Professor Bruce C. Berndt of the University of Illinois, during a lecture at IIT Madras in May 2011, stated that over the last 40 years, as nearly all of Ramanujan’s theorems have been proven right, there had been a greater appreciation of Ramanujan’s work and brilliance. Further, he stated Ramanujan’s work was now pervading many areas of modern mathematics and physics.

In his book Scientific Edge, the physicist Jayant Narlikar spoke of “Srinivasa Ramanujan, discovered by the Cambridge mathematician Hardy, whose great mathematical findings were beginning to be appreciated from 1915 to 1919. His achievements were to be fully understood much later, well after his untimely death in 1920. For example, his work on the highly composite numbers (numbers with a large number of factors) started a whole new line of investigations in the theory of such numbers.”

During his lifelong mission in educating and propagating mathematics among the school children in India, Nigeria and elsewhere, P.K. Srinivasan has continually introduced Ramanujan’s mathematical works.
Bust of Ramanujan in the garden ofBirla Industrial & Technological Museum.
Ramanujan’s home state of Tamil Nadu celebrates 22 December (Ramanujan’s birthday) as ‘State IT Day’, memorialising both the man and his achievements, as a native of Tamil Nadu. A stamp picturing Ramanujan was released by theGovernment of India in 1962 – the 75th anniversary of Ramanujan’s birth – commemorating his achievements in the field of number theory,and a new design was issued on 26 December 2011, by the India Post.

Since the Centennial year of Ramanujan, every year 22 Dec, is celebrated as Ramanujan Day by the Government Arts College, Kumbakonam where he had studied and later dropped out. It is celebrated by the Department of Mathematics by organising one-, two-, or three-day seminars by inviting eminent scholars from universities/colleges, and participants are mainly students of mathematics, research scholars, and professors from local colleges. It was planned to celebrate the 125th birthday in a grand manner by inviting the foreign eminent mathematical scholars of this century viz., G E Andrews. and Bruce C Berndt, who are very familiar with the contributions and works of Ramanujan.

Ramanujan’s work and life are celebrated on 22 December at the Indian Institute of Technology (IIT), Madras in Chennai.

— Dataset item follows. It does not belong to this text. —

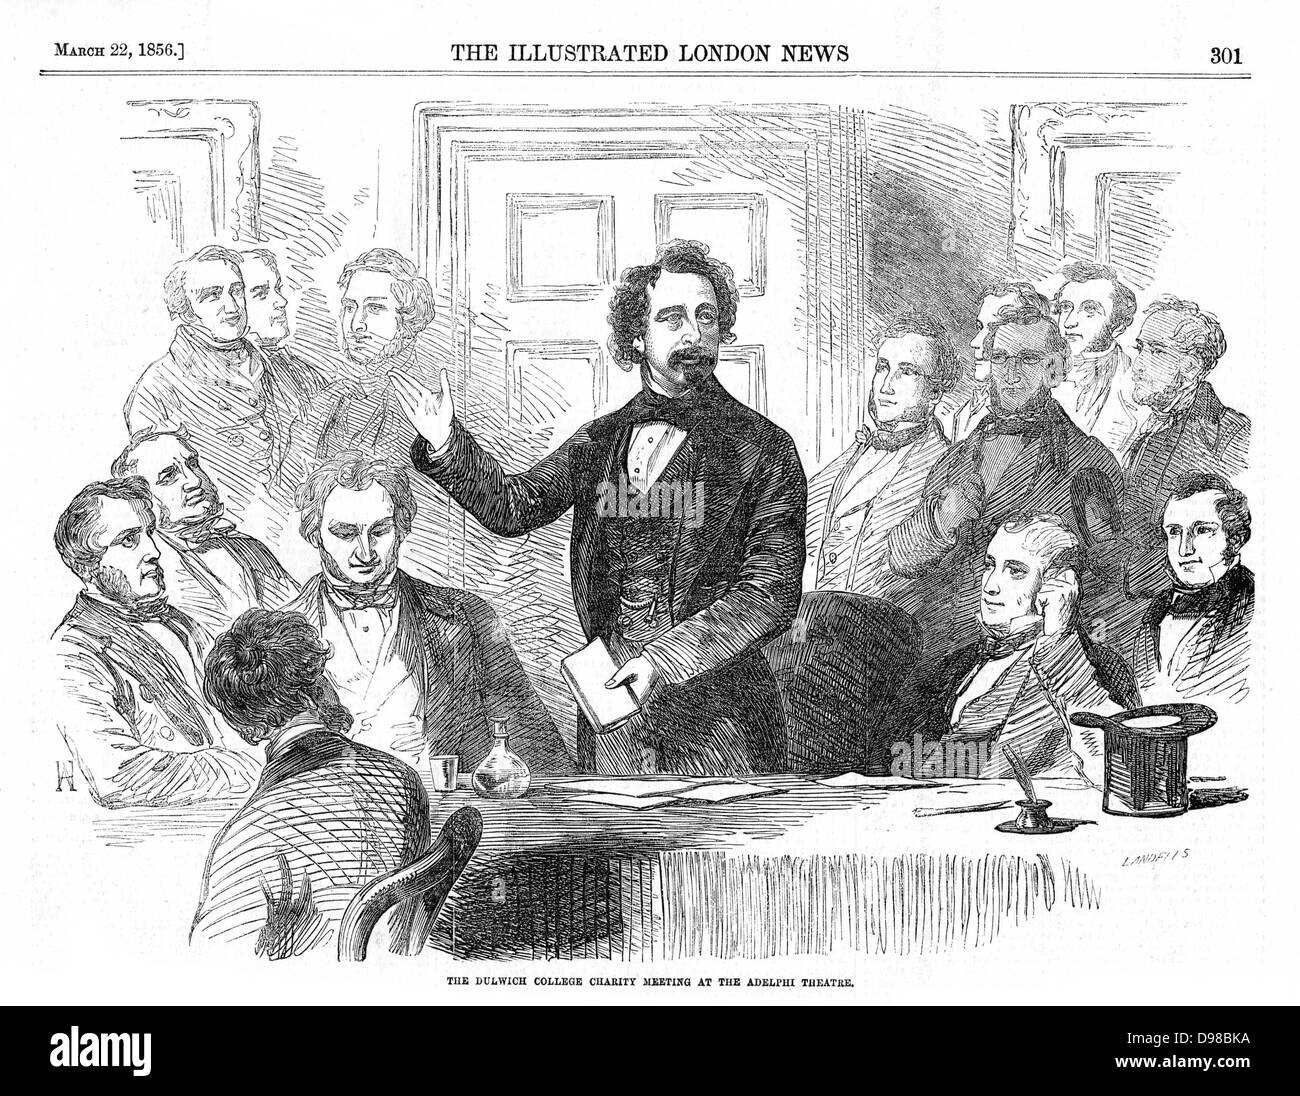 Charles Dickens (1812-70), englischer Schriftsteller und Journalist auf einem Dulwich College Charity treffen. Von "Llustrated London News, 22. März 1856. Stockfoto

The Department of Mathematics celebrates this day by organising a National Symposium on Mathematical Methods and Applications (NSMMA) for one day by inviting eminent Indian and foreign scholars.

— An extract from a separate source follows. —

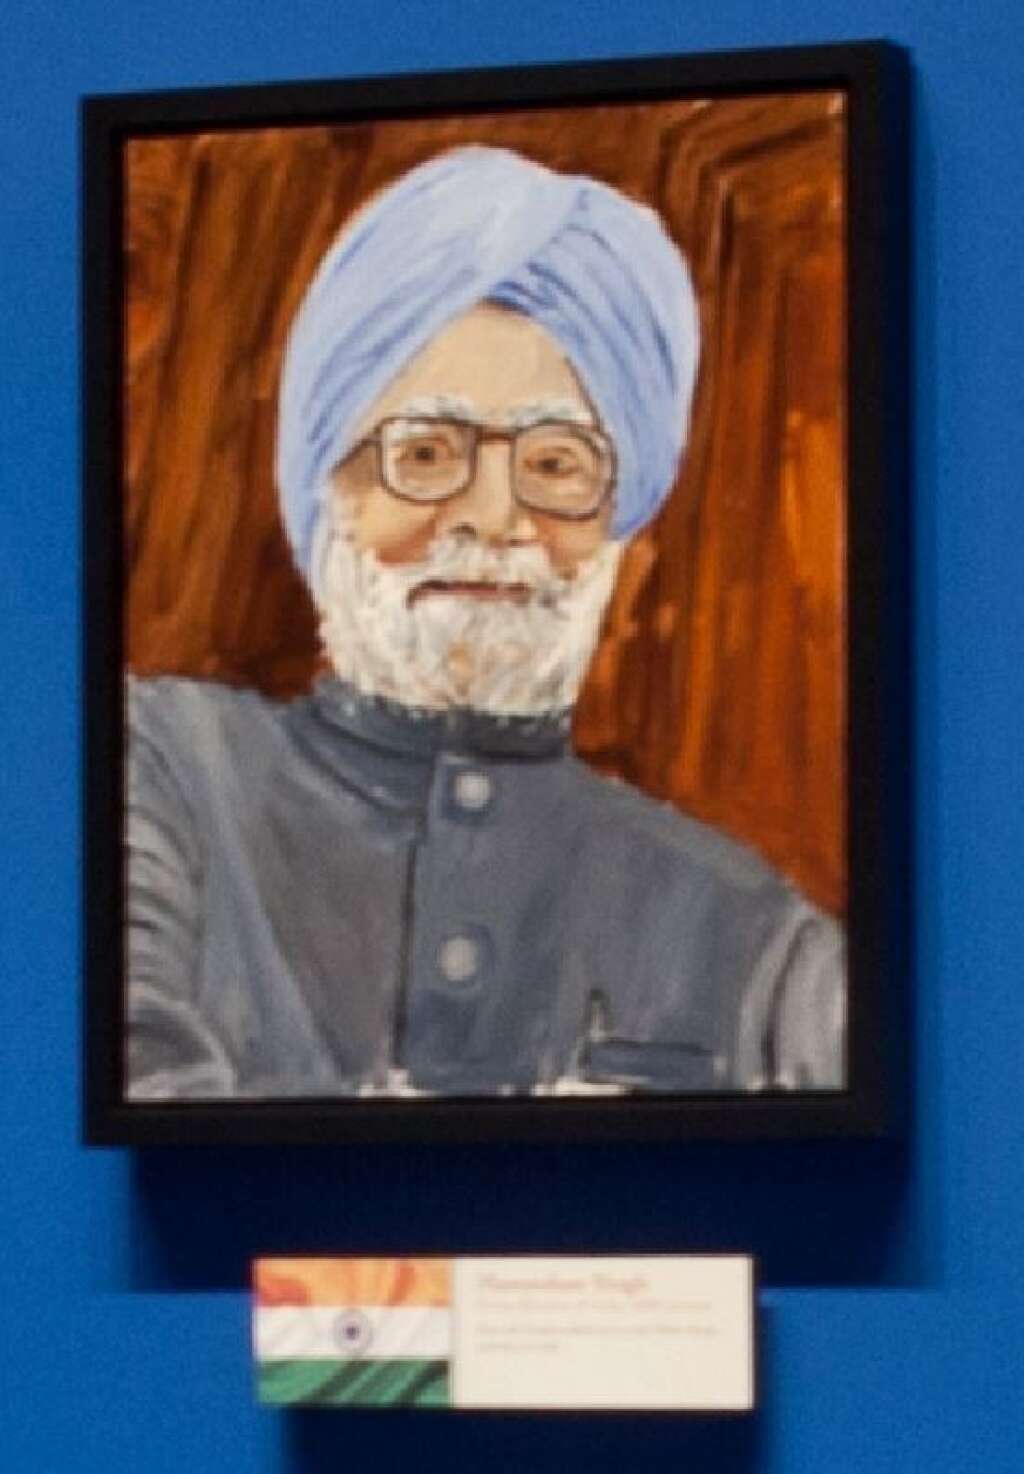 Les portraits de George W. Bush - Manmohan Singh, Premier ministre de l'Inde

A prize for young mathematicians from developing countries has been created in the name of Ramanujan by theInternational Centre for Theoretical Physics (ICTP), in co-operation with the International Mathematical Union, which nominate members of the prize committee. The Shanmugha Arts, Science, Technology & Research Academy (SASTRA), based in the state of Tamil Nadu in South India, has instituted the SASTRA Ramanujan Prize of $10,000 to be given annually to a mathematician not exceeding the age of 32 for outstanding contributions in an area of mathematics influenced by Ramanujan. The age limit refers to the years Ramanujan lived, having nevertheless still achieved many accomplishments. This prize has been awarded annually since 2005, at an international conference conducted by SASTRA in Kumbakonam, Ramanujan’s hometown, around Ramanujan’s birthday, 22 December.

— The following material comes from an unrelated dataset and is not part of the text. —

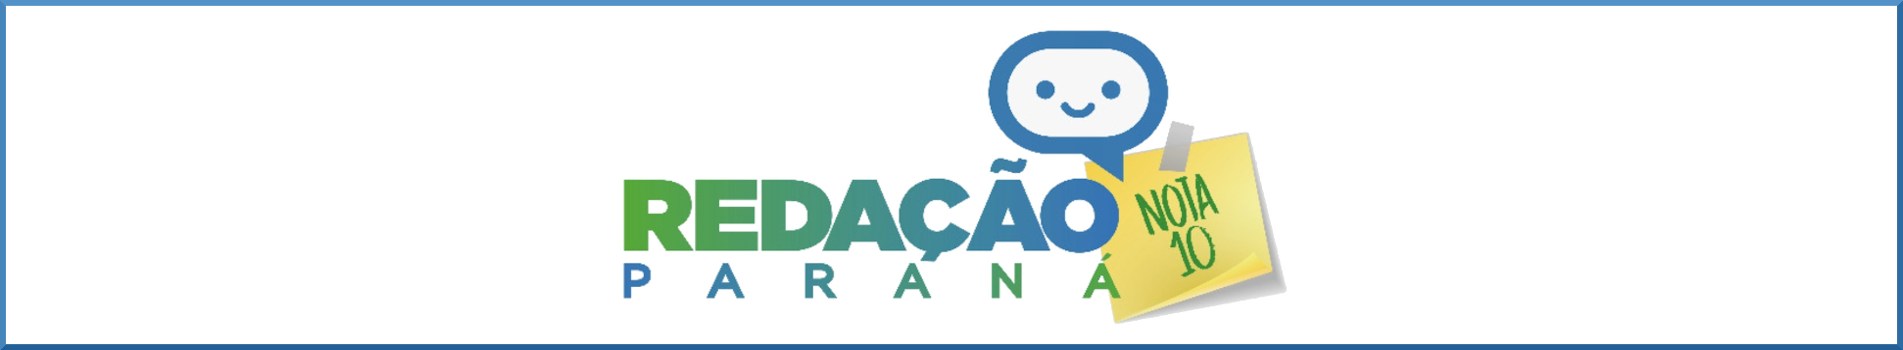 Banner logo Redação Paraná Nota 10

On the 125th anniversary of his birth, India declared the birthday of Ramanujan, 22 December, as ‘National Mathematics Day.’ The declaration was made by Dr. Manmohan Singh in Chennai on 26 December 2011. Dr Manmohan Singh also declared that the year 2012 would be celebrated as the National Mathematics Year. His residence is now preserved by SASTRA university in Kumbakonam.